The administrator's goal will not have changed. The amalgam of equipment should still comprise a single `tool' that is perfectly tuned for its users' effectiveness. (Better than that, actually: a good system will continuously anticipate the workplace's needs a year or two ahead.) All with great uptime, no unplanned outages, perfect backups, and apple pie for all.

Our picture provides a formidable administrative challenge in the context we see: 4-400 hosts, with a comparable number of users in an innovation-oriented workplace. [Note 5] Some employers (e.g., investment banks) may spend enough money to collect a surfeit of heavy-hitting administrators. Other employers may be wise or lucky enough to hire clever LISA readers. But, all too often, you will find one-or-a-few under-resourced administrators doing their best but not winning. If you hear the phrase, ``We spend all our time fire-fighting,'' then you have found our target audience.

Our beleaguered fire-fighters will be doubly frustrated if they are cursed by wanting to aim high: wanting to build a wonderful system. (And is it fun to do anything else?)

We now outline some of the main problems (labeled with P-n) and goals (G-n) that face our overeager fire- fighters. (The labels are so we can refer back to them.)

  • P-1 Complexity is unavoidable: No matter how you go about it, 4-400 Unix hosts, well stitched together, will make for a complex system; and managing complexity well is hard work.
  • P-2 Mediocrity is natural: A modern Unix system is composed of dozens, if not hundreds, of subsystems (kernel, DNS, sendmail, RAID, printing, ...), each of which is a complicated beast. You can often make a Good Living Indeed by being seriously good at just one of these subsystems. An administrator who spends a morning with one of these subsystems has to accept that s/he is probably mediocre at it.
  • P-3 Wayward buses are a threat: It is all too easy for essential site knowledge to live only in the head of one administrator, but if s/he is run over by the proverbial bus ...
  • P-4 Isolation: In our target context, an administrator often works alone, or a small team works at a level far below `critical mass.' [Note 6] Solutions, scripts, documents, etc., are unlikely to receive any independent scrutiny; this is not a recipe for robust and powerful systems.
  • P-5 Wheel reinvention: This tendency is fairly natural in an isolated systems ecology, and human hubris tends not to help. Also, the site-specific nature of scripts that administrators write weakens their value as reusable components.
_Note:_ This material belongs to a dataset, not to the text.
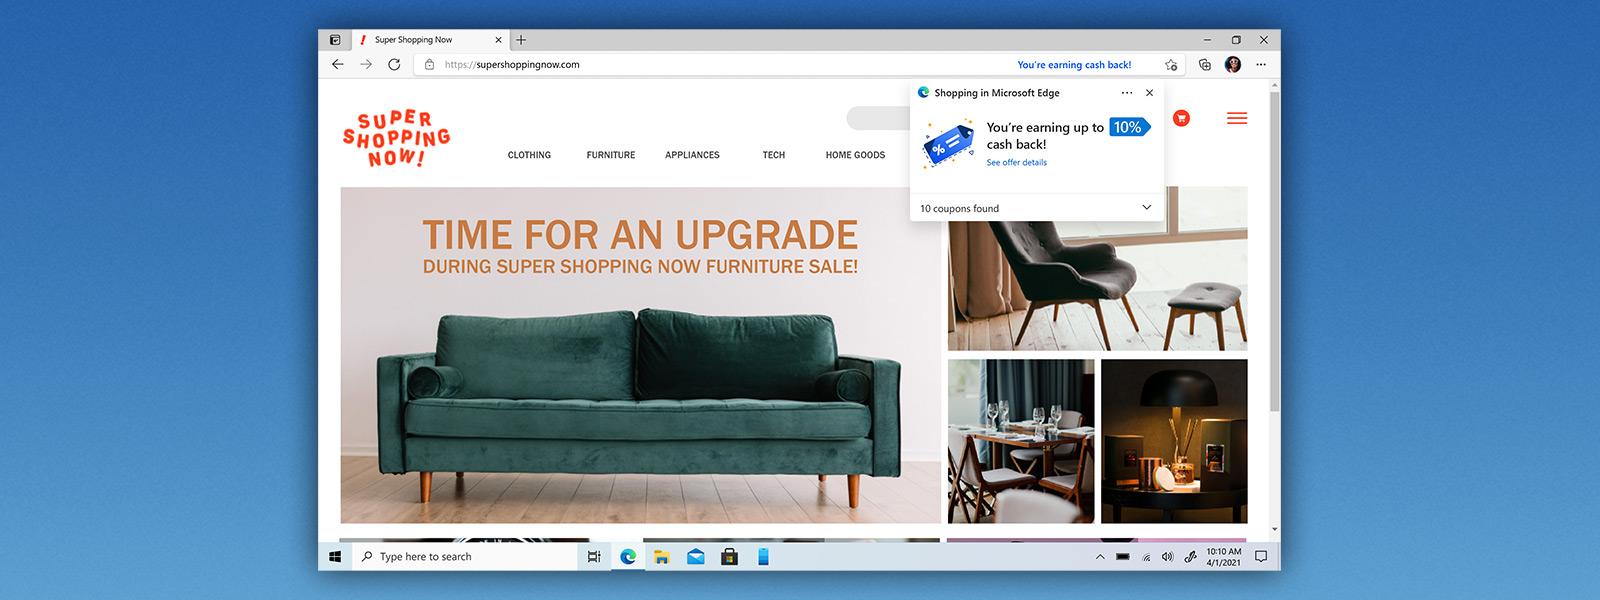 Microsoft Edge browser window showing shopping website with Bing rebates

  • P-6 Administration is more than fiddling with /etc: Just as there is more to software development than design and coding, there is more to administering a Unix system than managing hosts, users, and software applications.
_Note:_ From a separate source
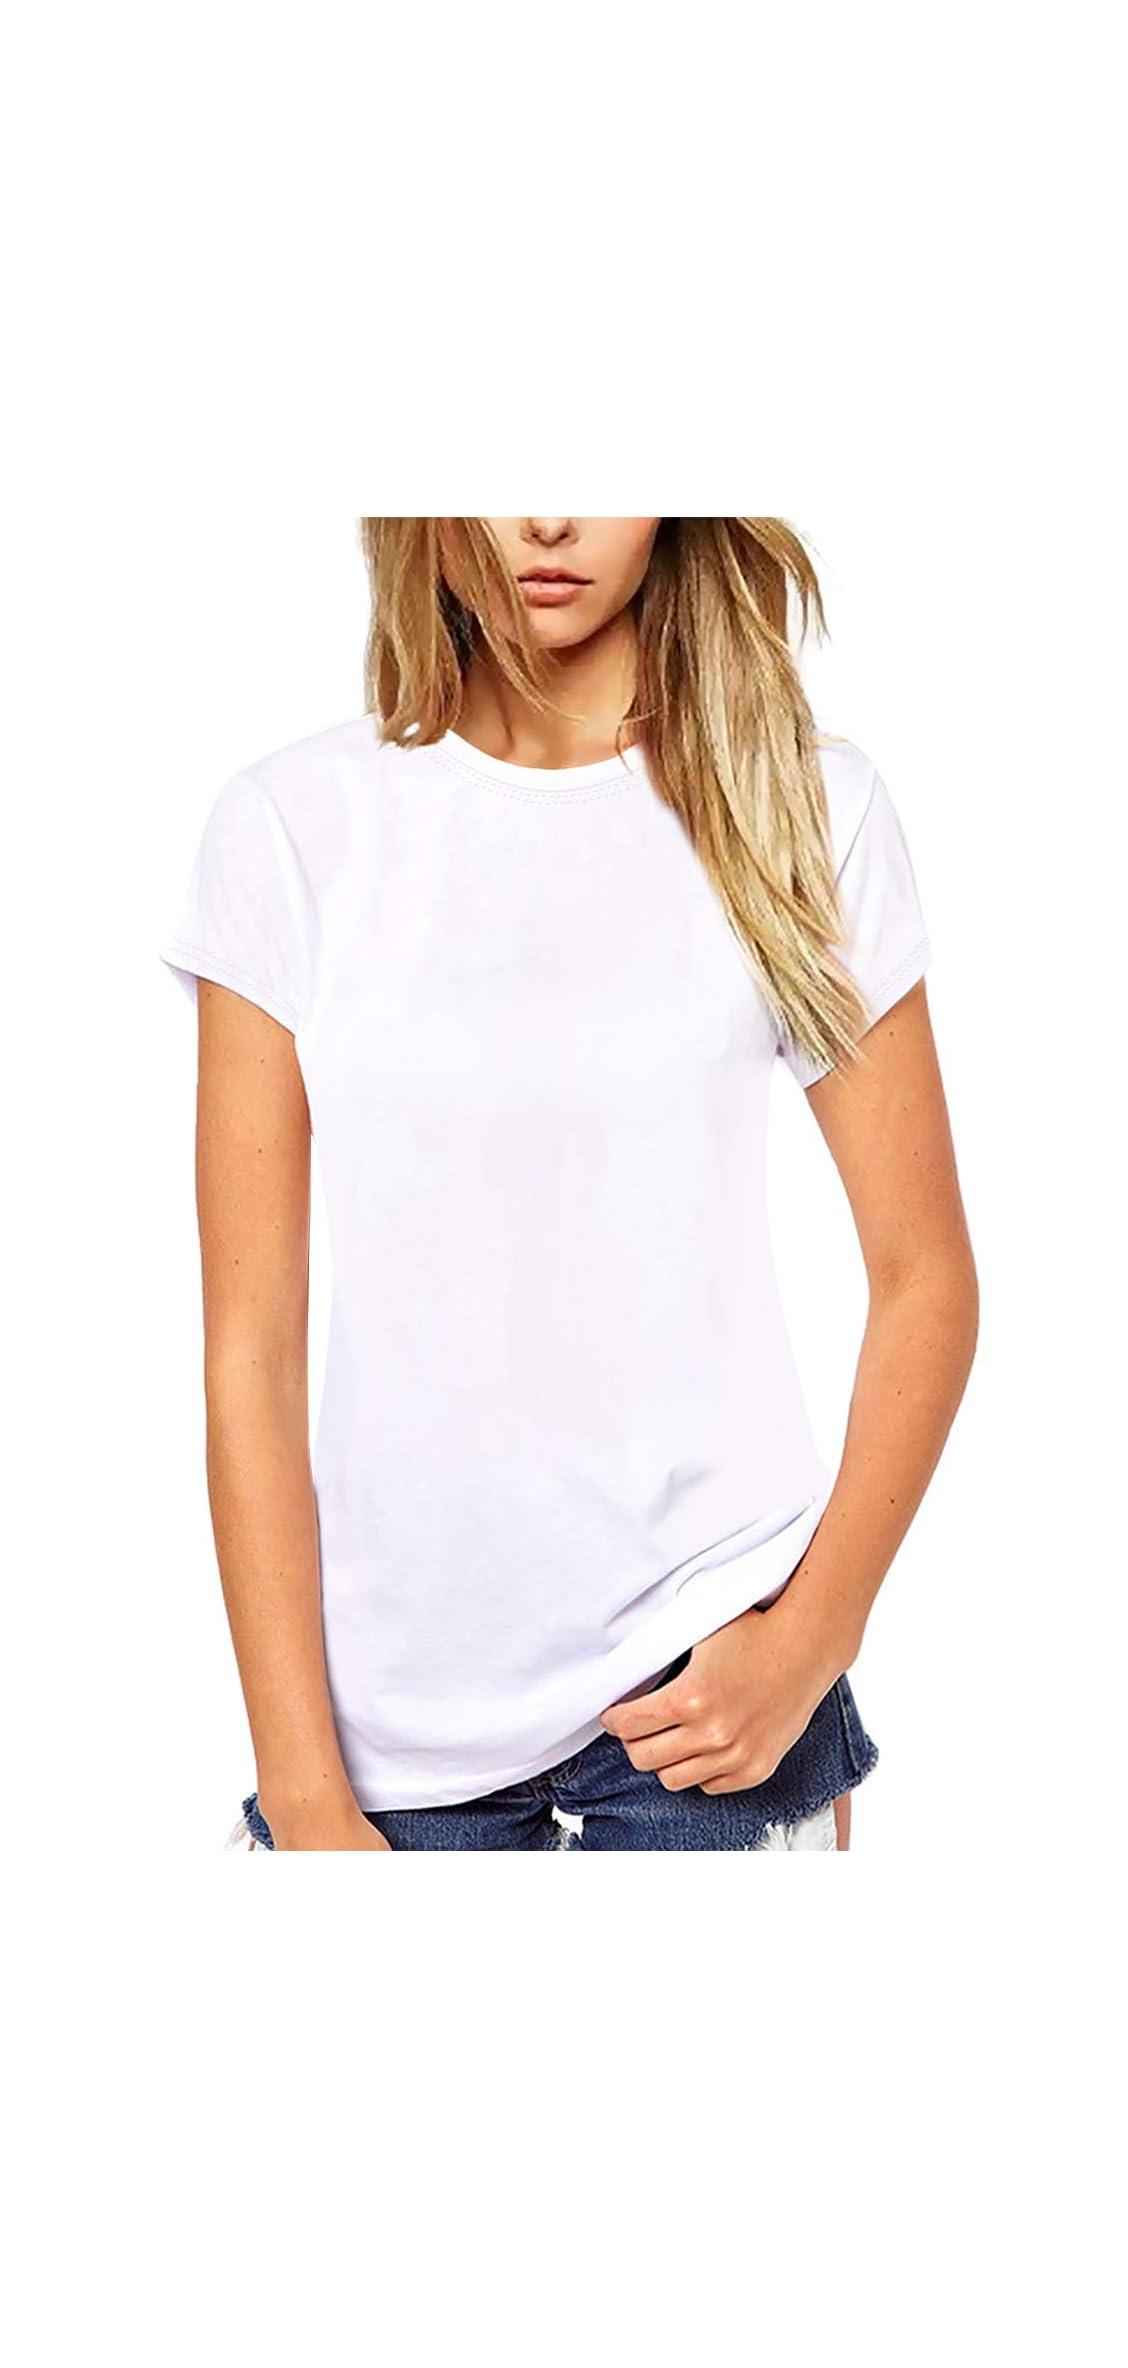 Women T Shirt Cute Crew Neck Tee Casual Blouse

    Administrators have lots of other `things' to manage: vendor records, maintenance contracts, old purchase orders, licenses, serial numbers, spare-parts inventory, helpline numbers and addresses, e-mail about all of the above, and so on.
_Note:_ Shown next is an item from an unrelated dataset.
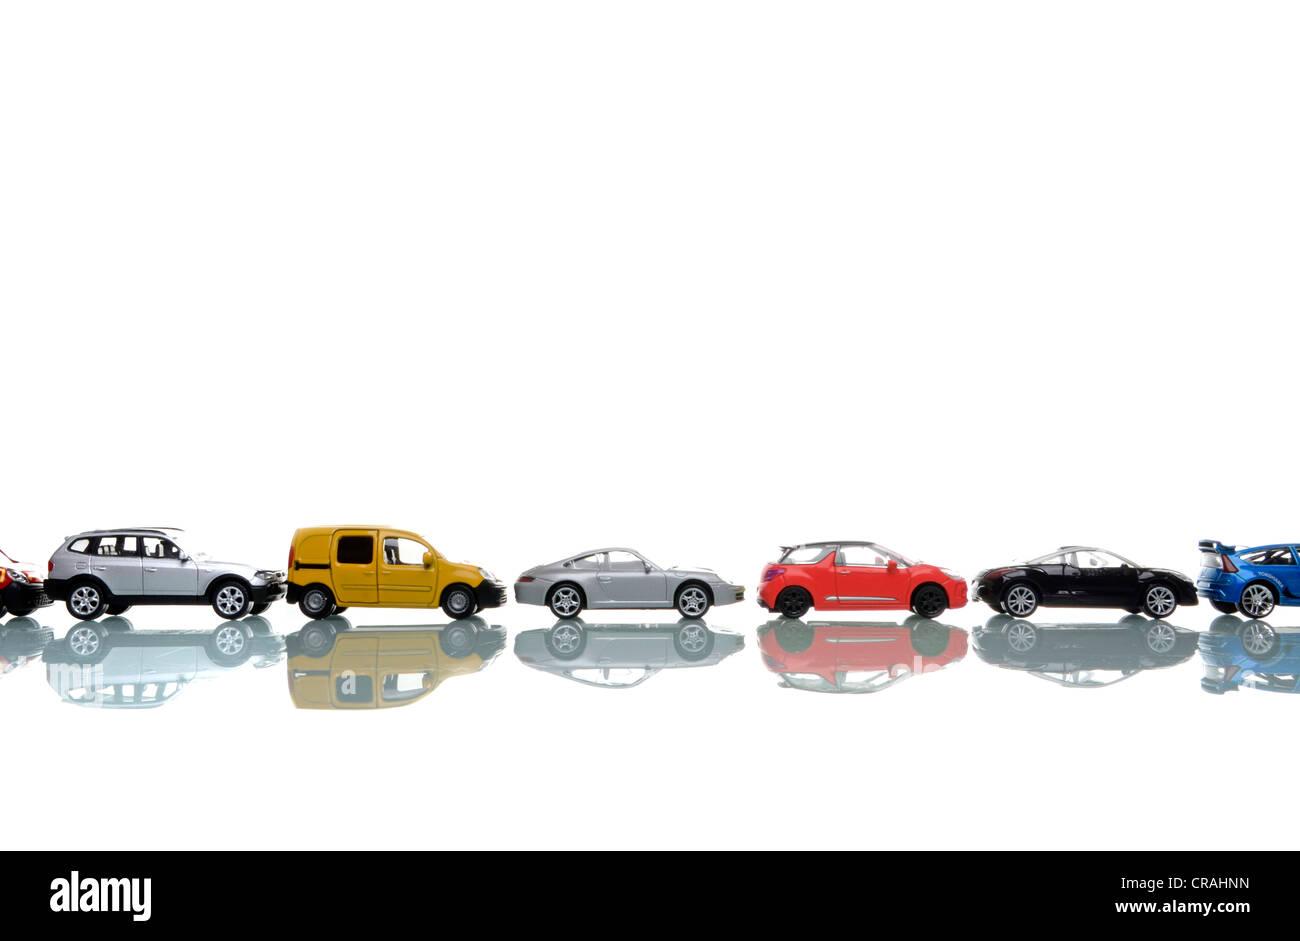 Coches en miniatura en una fila Imagen De Stock

    One may choose to have no formal management of such `things,' with the attendant risks. However, as soon as you turn such information into bits to be cared for, you have entropy (or `bit rot') to worry about. Phone numbers change, new releases come out, the purchasing department `improves' their procedures, etc.
  • P-7 Systems have a multi-decade lifespan. Computing infrastructures tend to be evolving, long-lived structures. It is not rocket science to spend lots of money this year and have a great system for users this year. What is a real achievement is to keep entropy at bay for ten or twenty years and still have a sweet system running, budget vagaries and turnover vicissitudes notwithstanding.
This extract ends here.